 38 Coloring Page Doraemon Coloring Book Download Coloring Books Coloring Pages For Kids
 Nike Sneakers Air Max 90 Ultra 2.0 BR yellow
--
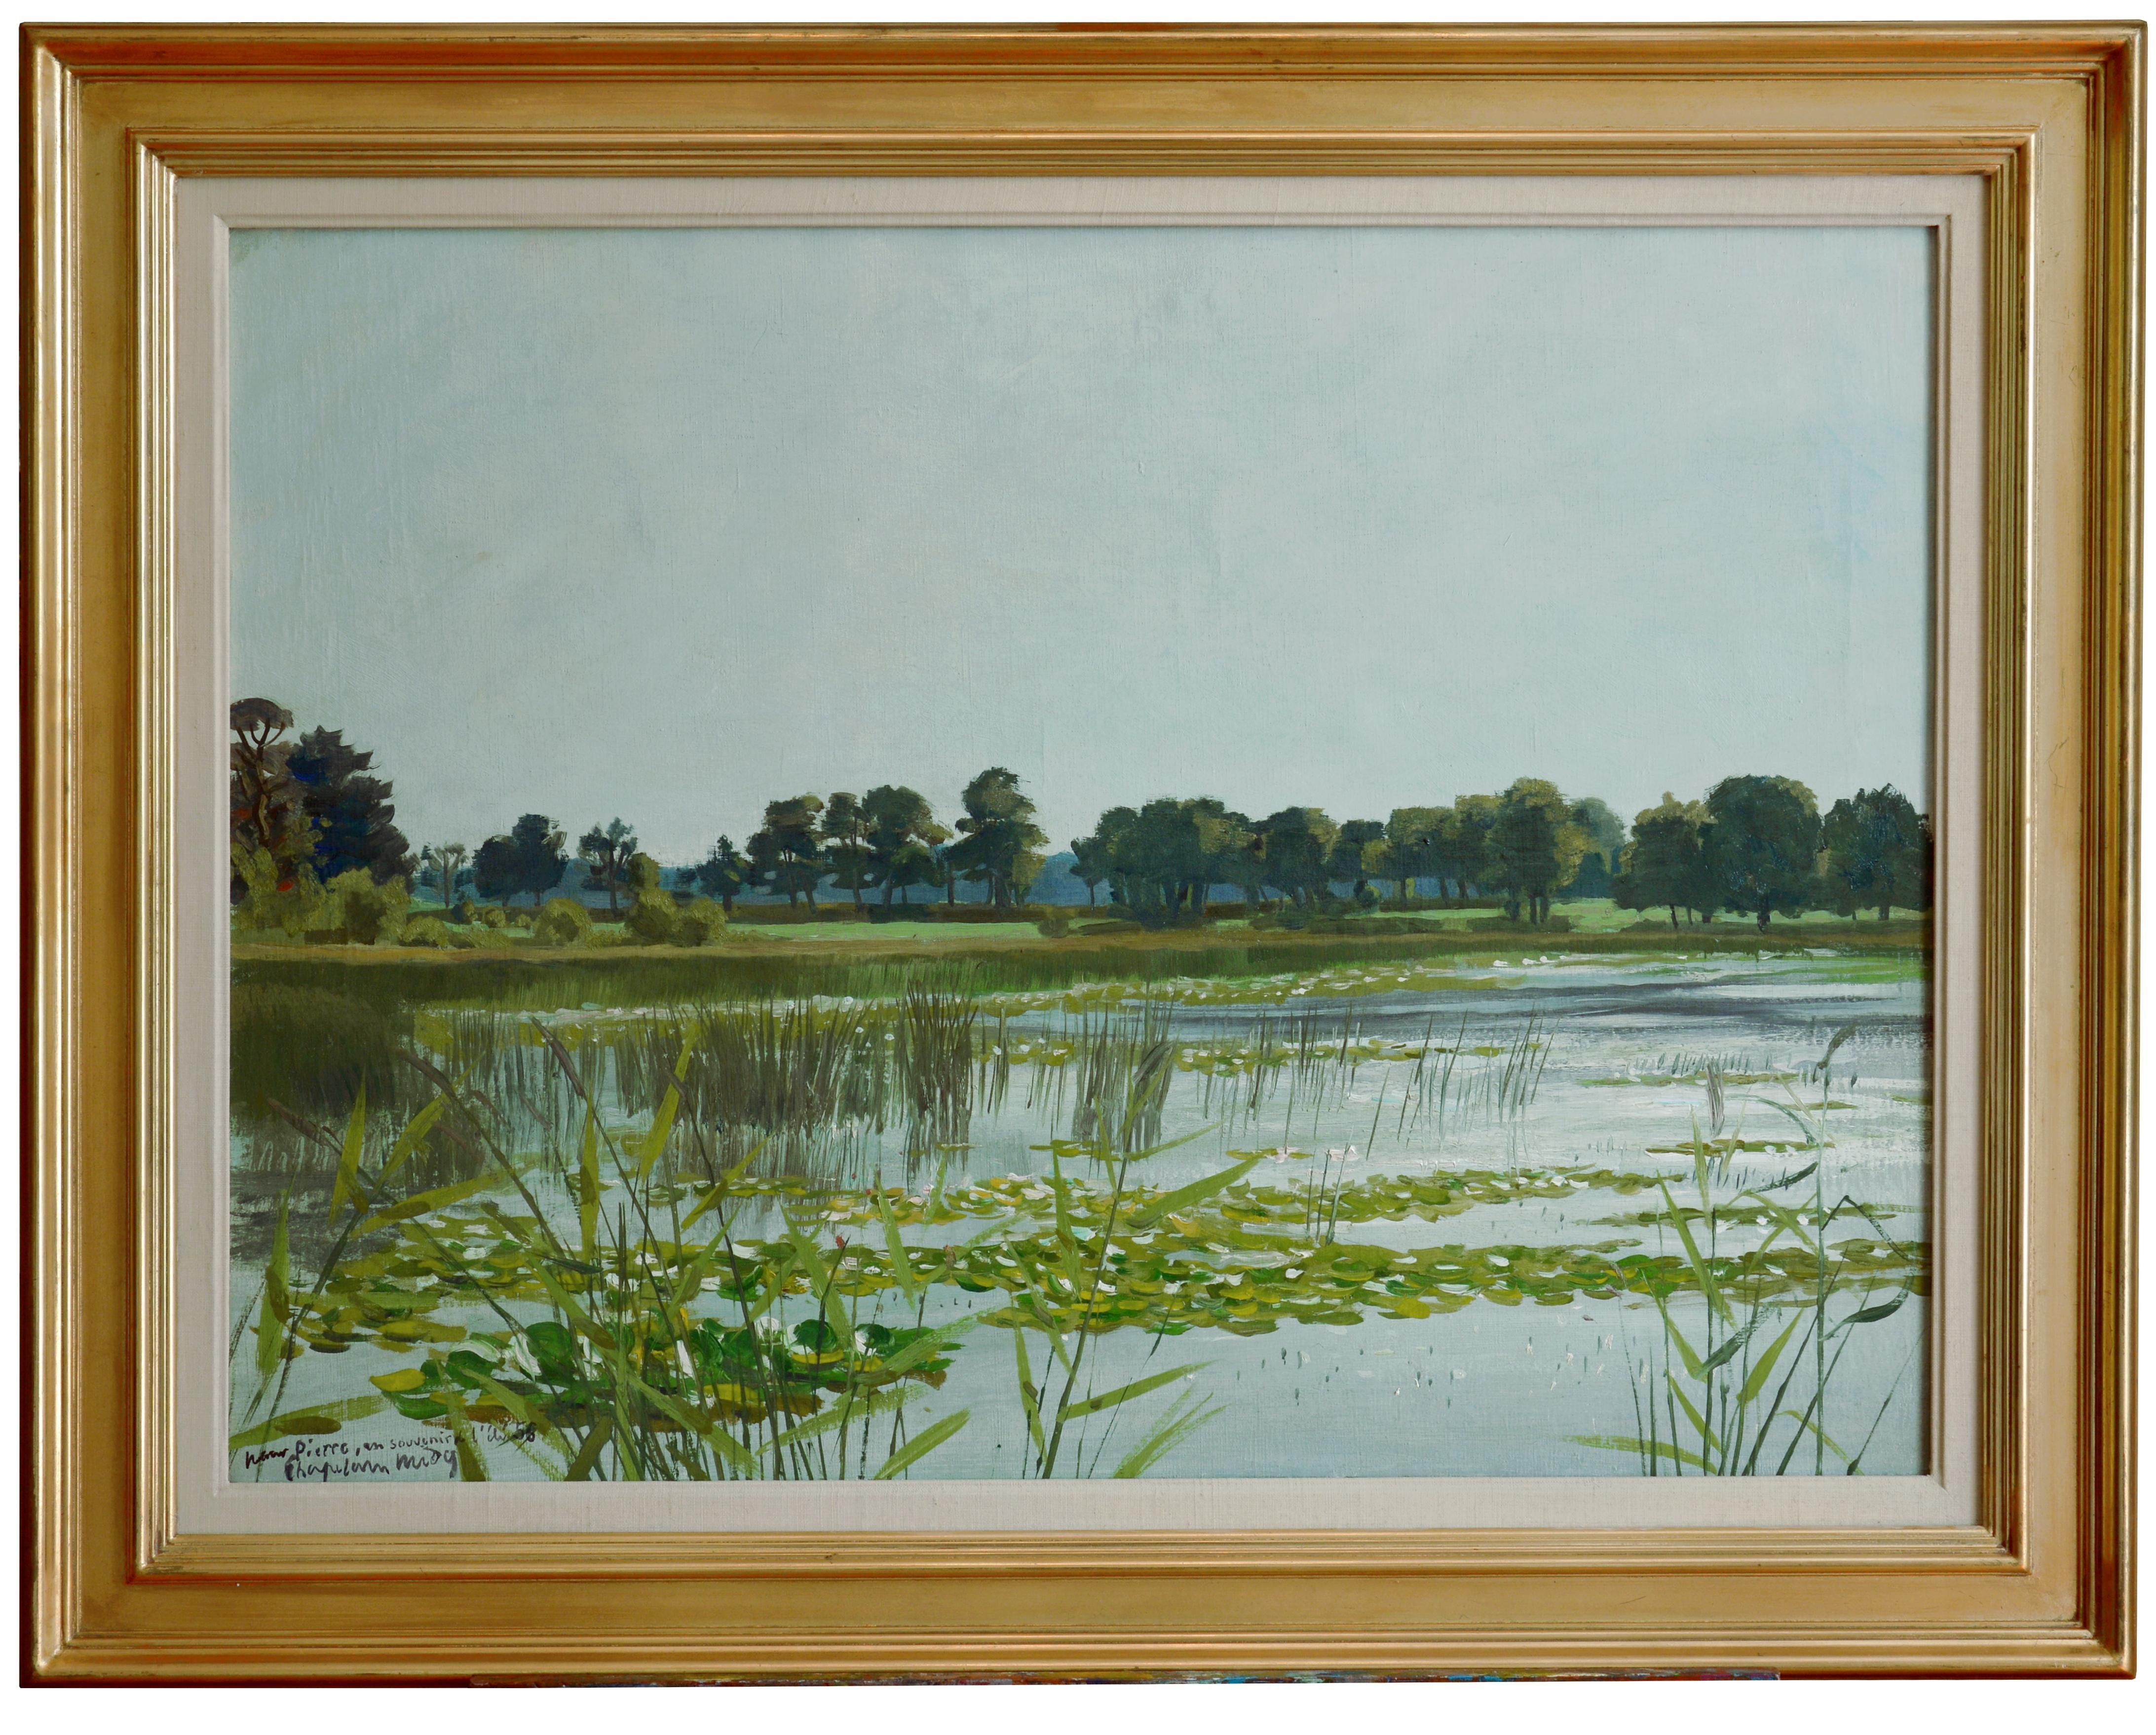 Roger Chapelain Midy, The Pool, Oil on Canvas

* Try it *
Extract from the listing above the lines between the line containing "38 Coloring Page" and the line containing "Nike Sneakers Air Max 90 Ultra 2.0 BR yellow", keeping both of those lines. Output nothing else.

* Output for this exercise *
 38 Coloring Page Doraemon Coloring Book Download Coloring Books Coloring Pages For Kids
 Nike Sneakers Air Max 90 Ultra 2.0 BR yellow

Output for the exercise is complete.